2. Appropriateness of the 12% Addition by CIT (A)

Relevant legal framework and precedents: The CIT (A) applied a profit estimation approach, a common practice in cases where exact verification of transactions is challenging.

Court's interpretation and reasoning: The Tribunal disagreed with the CIT (A)'s application of a 12% profit element, finding it inconsistent with the evidence that supported the genuineness of the purchases.

Key evidence and findings: The Tribunal emphasized the absence of any adverse findings from the GST authorities and the acceptance of sales as genuine by the tax authorities.

Application of law to facts: The Tribunal referenced decisions like ACIT Vs. Urgaya Foods and Fees Private Limited, which supported the view that genuine transactions should not be arbitrarily assigned profit percentages without substantial justification.

Treatment of competing arguments: The Tribunal considered the CIT (A)'s rationale for the 12% estimation but ultimately found it unsupported by the factual matrix of the case.

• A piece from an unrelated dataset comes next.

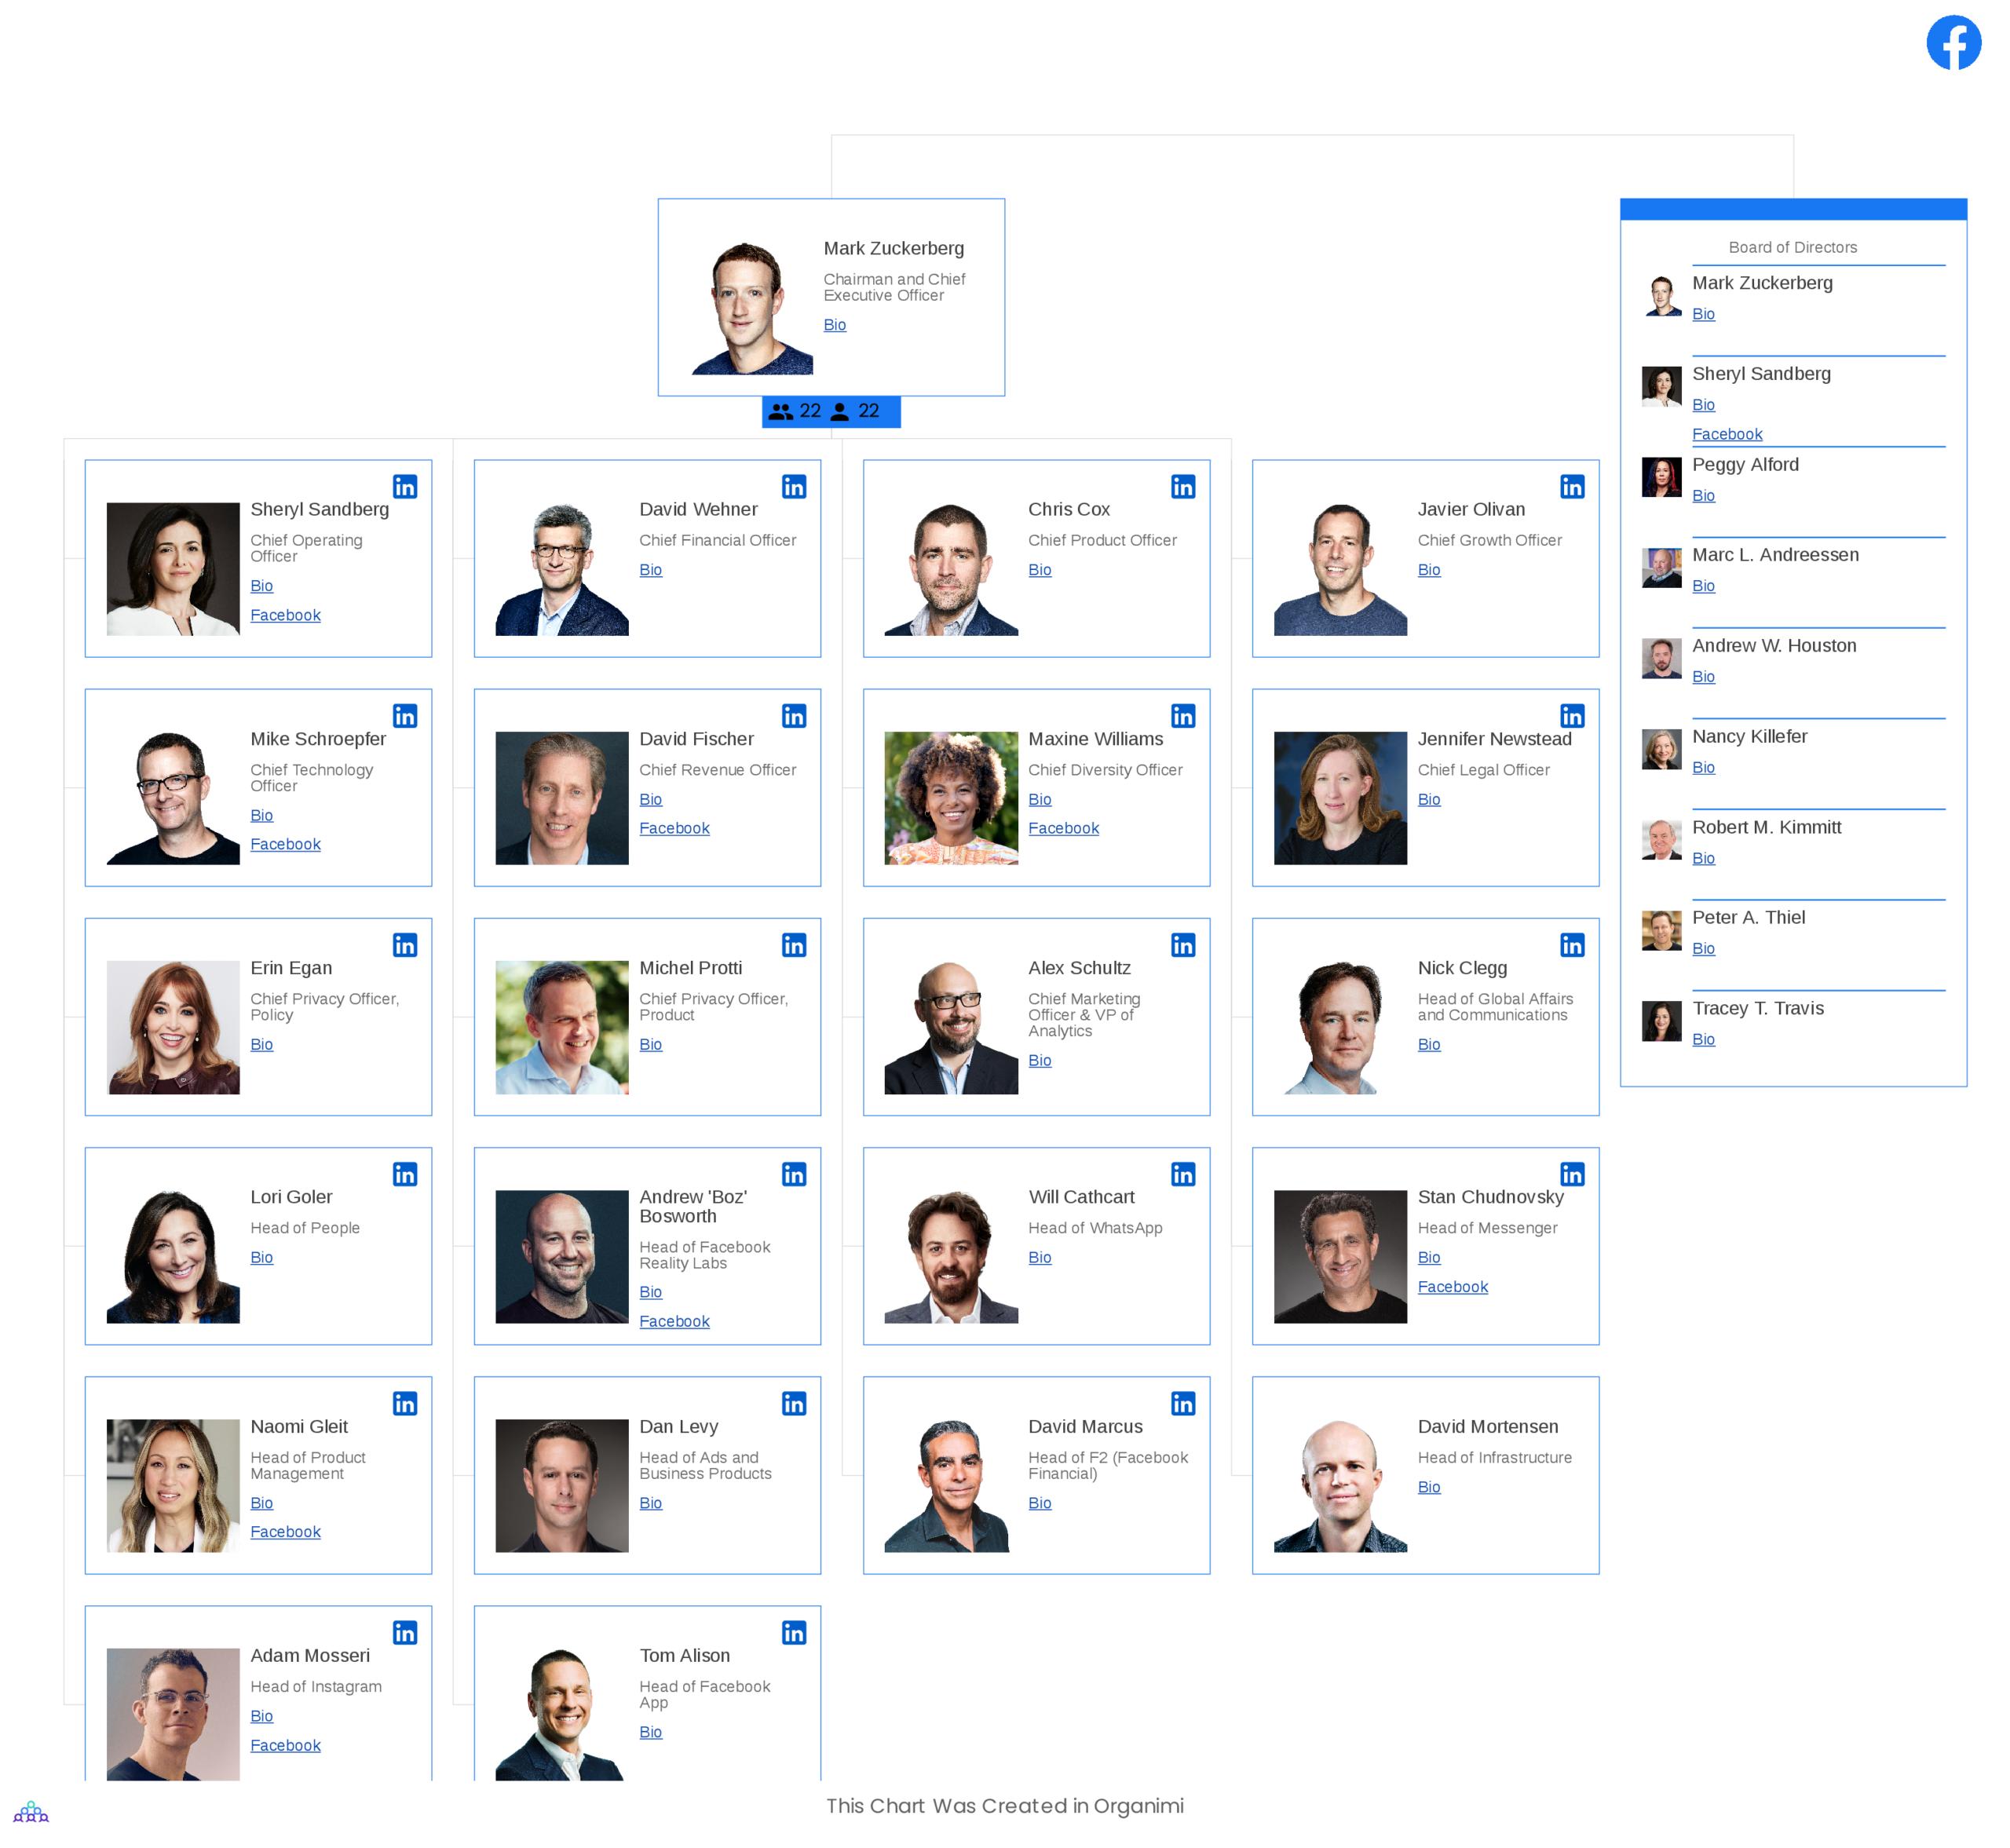 Facebook's Organizational Structure

Conclusions: The Tribunal directed the deletion of the 12% addition, concluding that the purchases were genuine and adequately substantiated.

SIGNIFICANT HOLDINGS

Preserve verbatim quotes of crucial legal reasoning: "The Tribunal concluded that transactions conducted through banking channels and supported by documentation should not be dismissed as non-existent."

Core principles established: The judgment reinforces the principle that documented transactions, especially those conducted through banking channels, should not be deemed fictitious without compelling evidence to the contrary.

Final determinations on each issue: The Tribunal allowed the cross objection raised by the assessee, directing the deletion of the 12% addition. Consequently, the appeal of the Revenue was dismissed as infructuous.